= Beginning of Section =

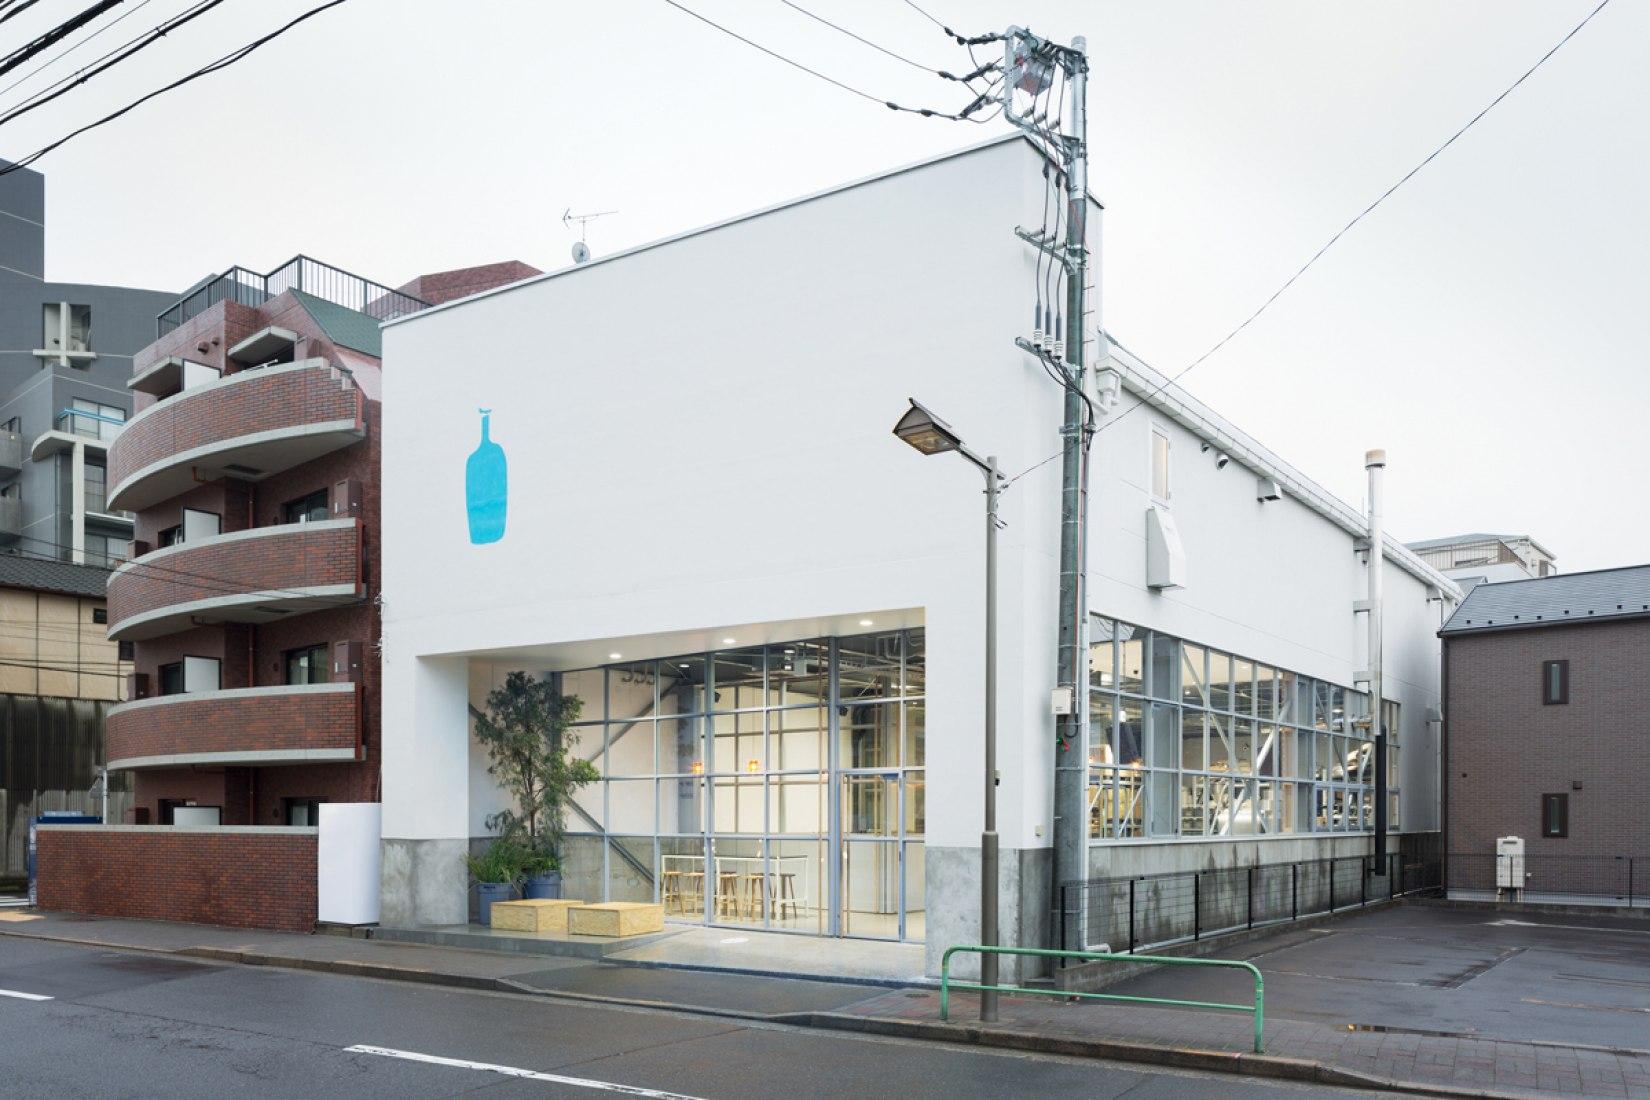 Vista con el entorno. Blue Bottle Coffee Kiyosumi-Shirakawa Roastery & Cafe por Jo Nagasaka / Schemata Architects. Fotografía © Takumi Ota.
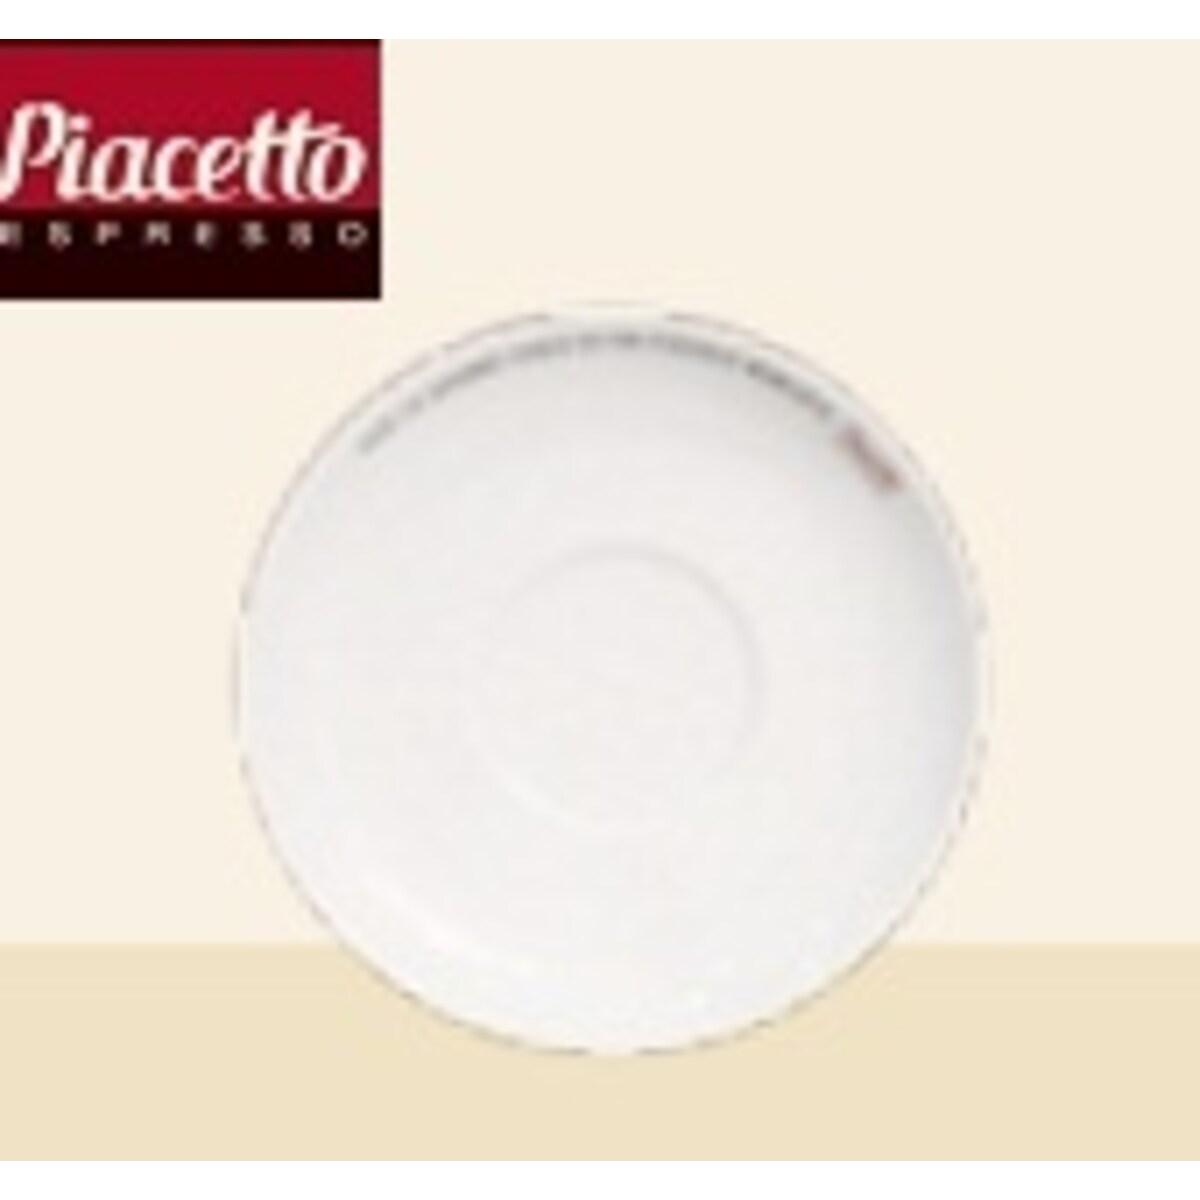 Tchibo Piacetto Espresso - чинийки за еспресо чаши 6бр
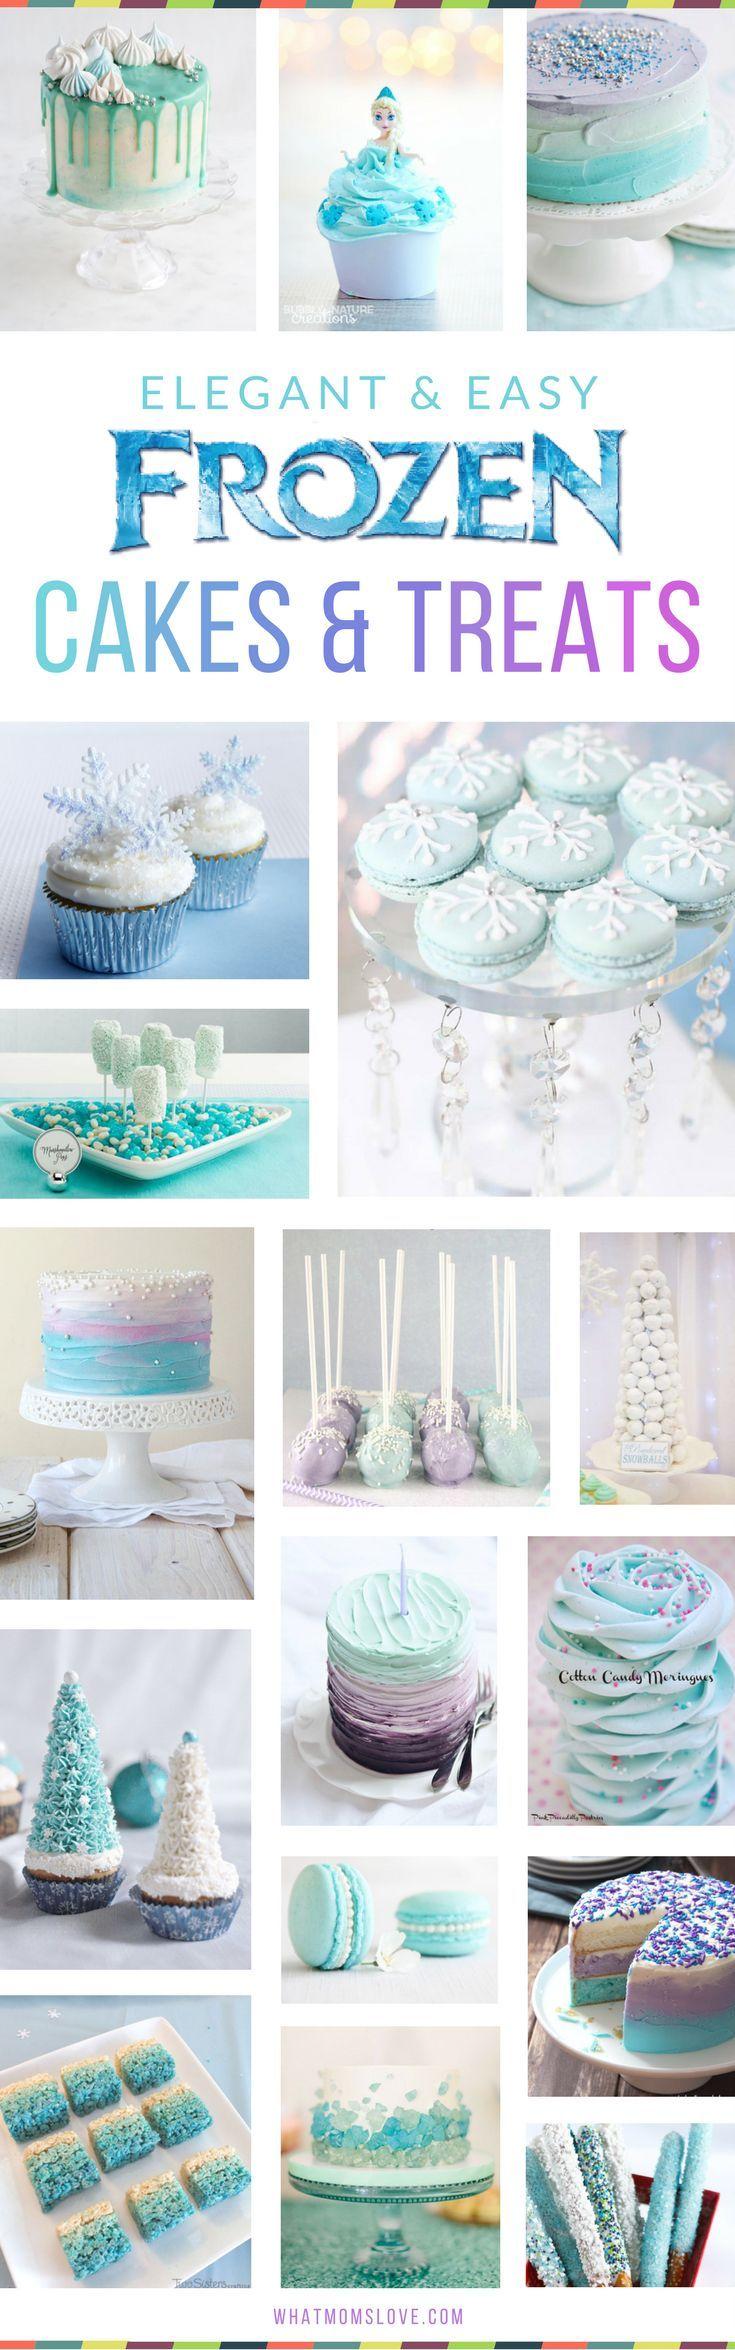 Elegant Frozen-Inspired Cakes & Treats That Would Make Elsa Proud ...
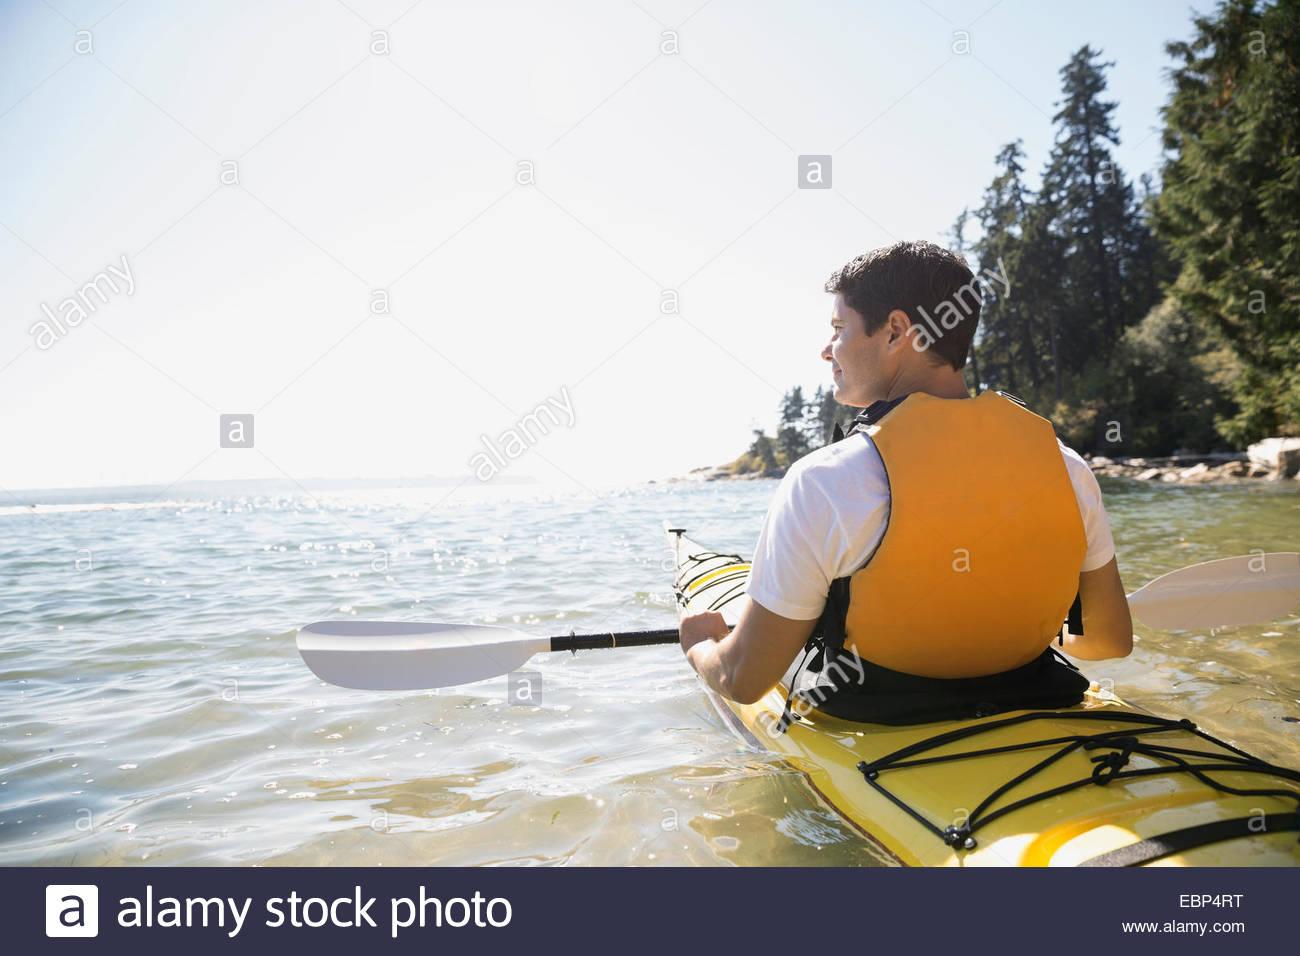 L'uomo kayak sul mare soleggiato Immagini Stock

= End of Section =

Drop the pictures and set down the data above exactly.

 Vista con el entorno. Blue Bottle Coffee Kiyosumi-Shirakawa Roastery & Cafe por Jo Nagasaka / Schemata Architects. Fotografía © Takumi Ota.
 Tchibo Piacetto Espresso - чинийки за еспресо чаши 6бр
 Elegant Frozen-Inspired Cakes & Treats That Would Make Elsa Proud ...
 L'uomo kayak sul mare soleggiato Immagini Stock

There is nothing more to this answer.